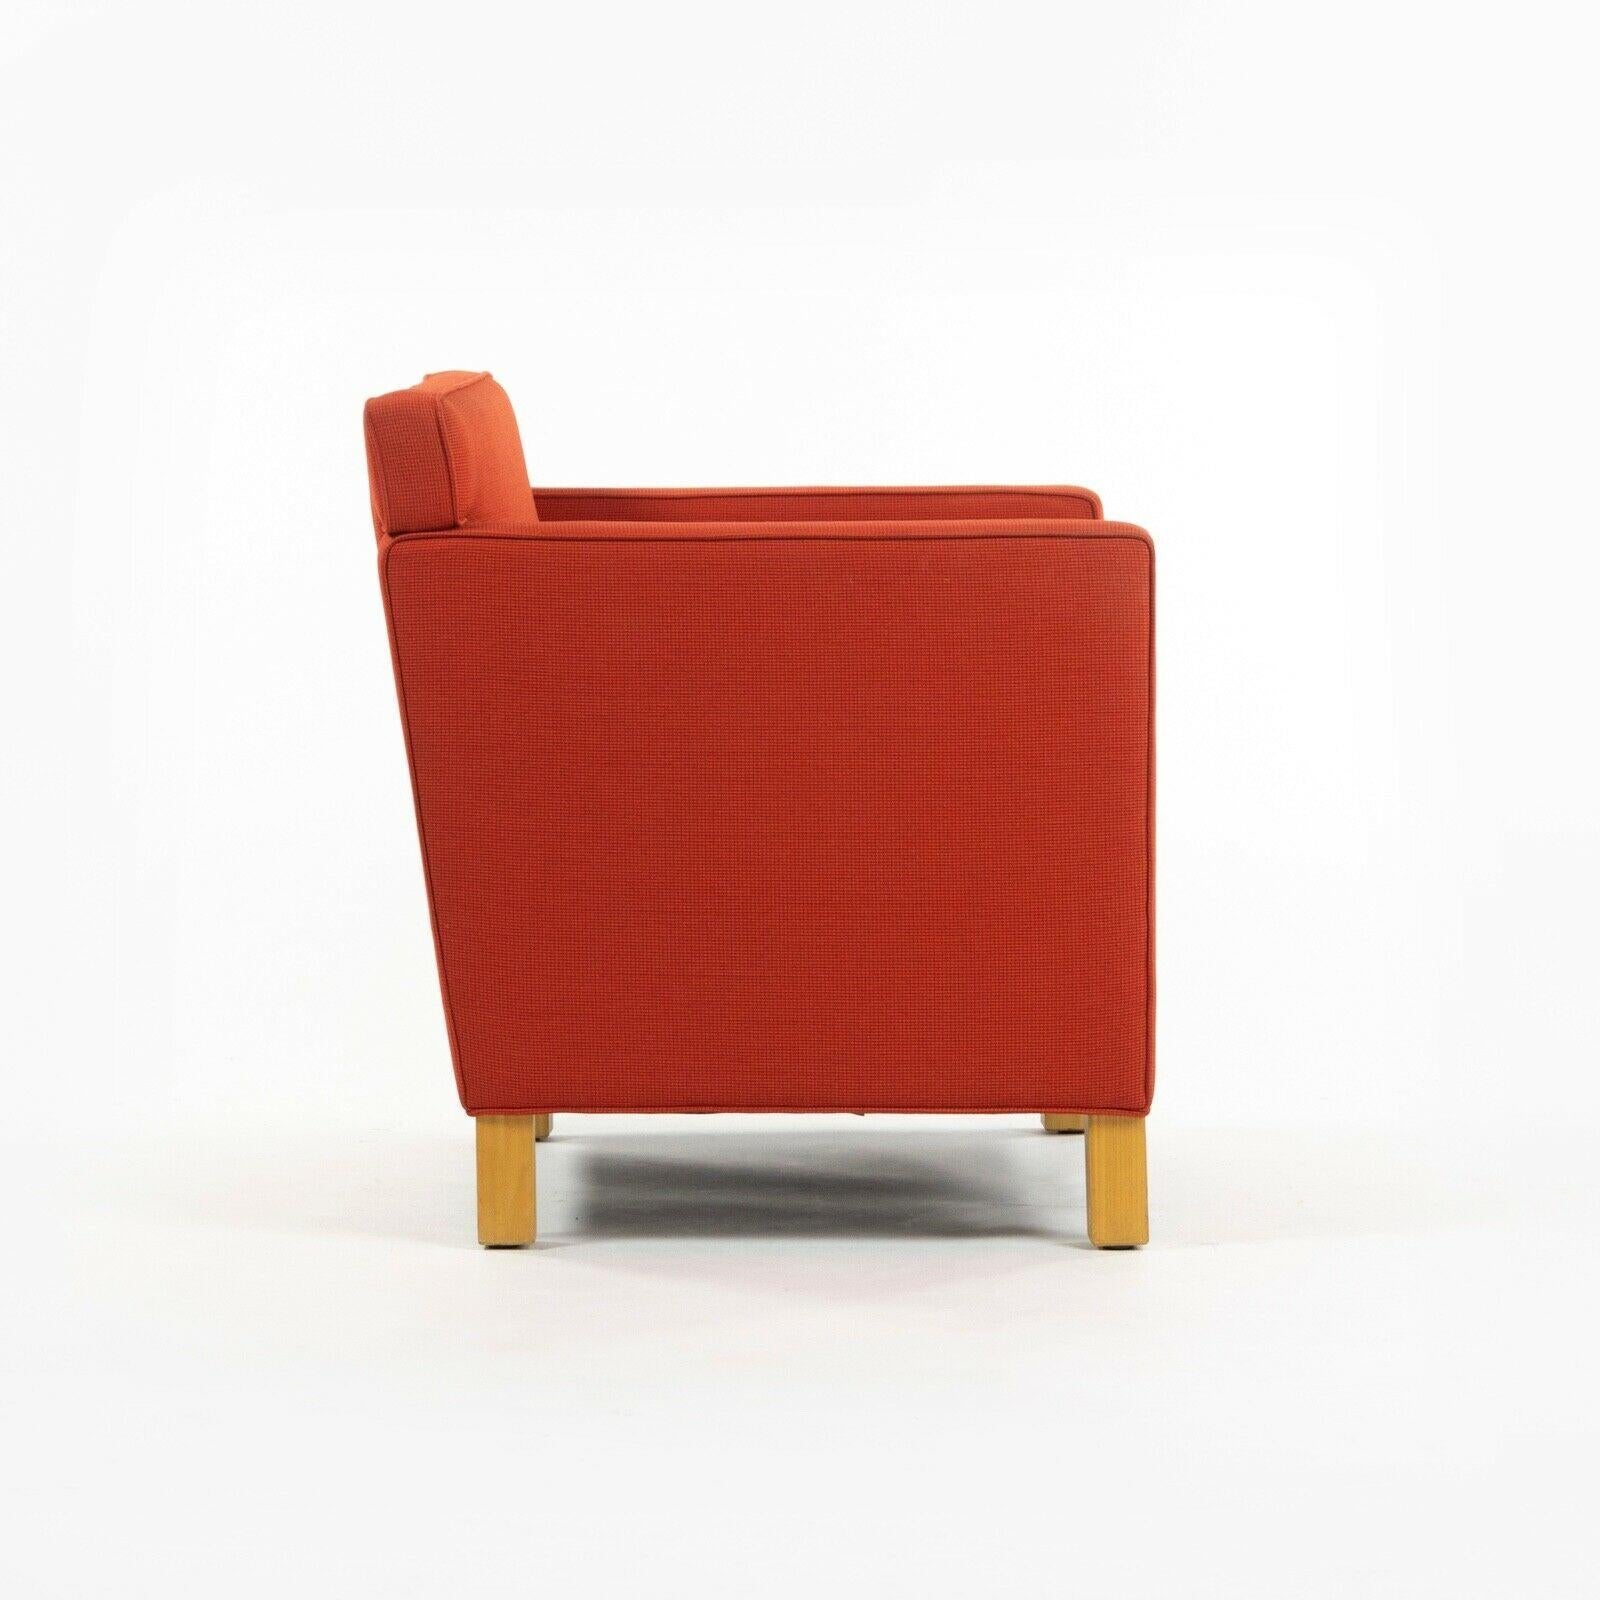 Modern 2010s Pair Original Knoll Mies Van Der Rohe Krefeld Lounge Chair Orange Fabric
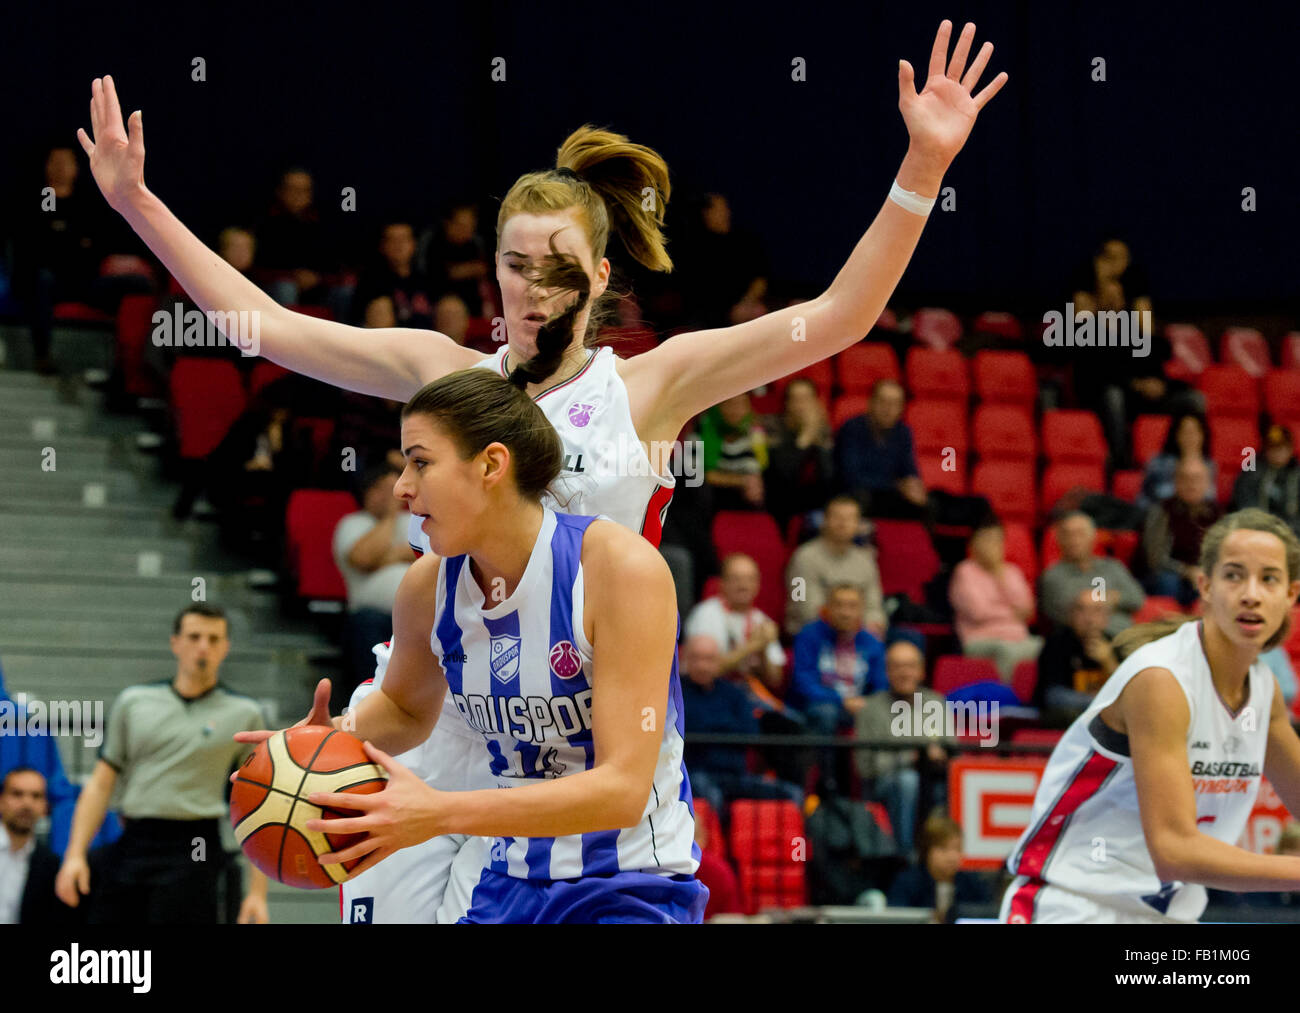 Tijana Krivacevic (front) of Orduspor and Egle Siksniute of Nymburk during the Eurocup basketball match Nymburk vs Orduspor in Nymburk, Czech Republic, January 7, 2016. (CTK Photo/Vit Simanek) Stock Photo
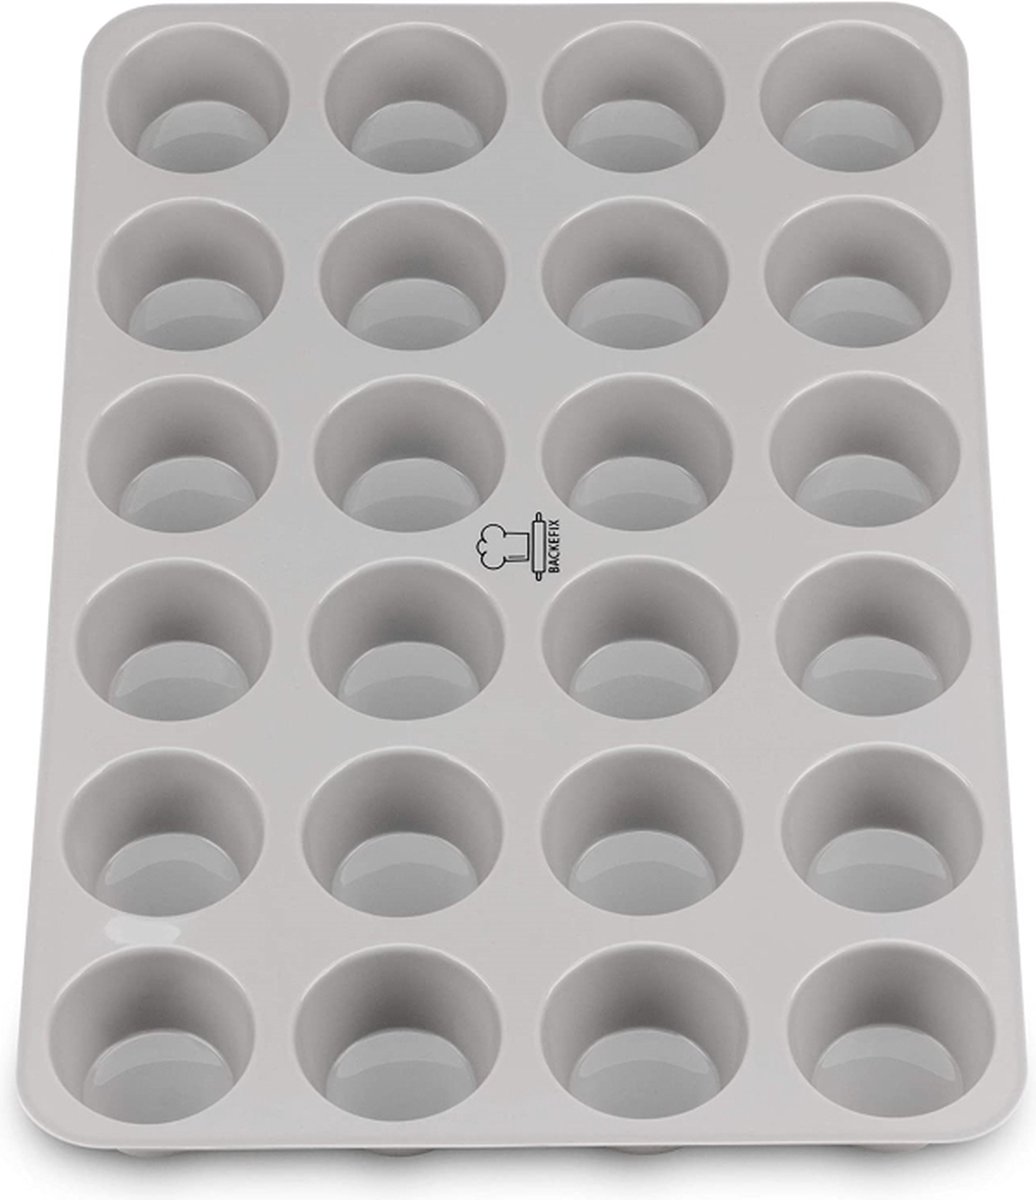 Backefix FLEXI Mini-muffinvorm, silicone, klein met 24 bakvormen van elk 4,5 x 3,5 cm en 3 cm hoog, anti-aanbaklaag, siliconen bakvorm, 24 stuks muffinvorm, BPA-vrij, vaatwasmachinebestendig

========================

- _Task details_
From the material above, print everything exactly except the pictures.

- _Task response_
 Modern 2010s Pair Original Knoll Mies Van Der Rohe Krefeld Lounge Chair Orange Fabric
 Tijana Krivacevic (front) of Orduspor and Egle Siksniute of Nymburk during the Eurocup basketball match Nymburk vs Orduspor in Nymburk, Czech Republic, January 7, 2016. (CTK Photo/Vit Simanek) Stock Photo
 Backefix FLEXI Mini-muffinvorm, silicone, klein met 24 bakvormen van elk 4,5 x 3,5 cm en 3 cm hoog, anti-aanbaklaag, siliconen bakvorm, 24 stuks muffinvorm, BPA-vrij, vaatwasmachinebestendig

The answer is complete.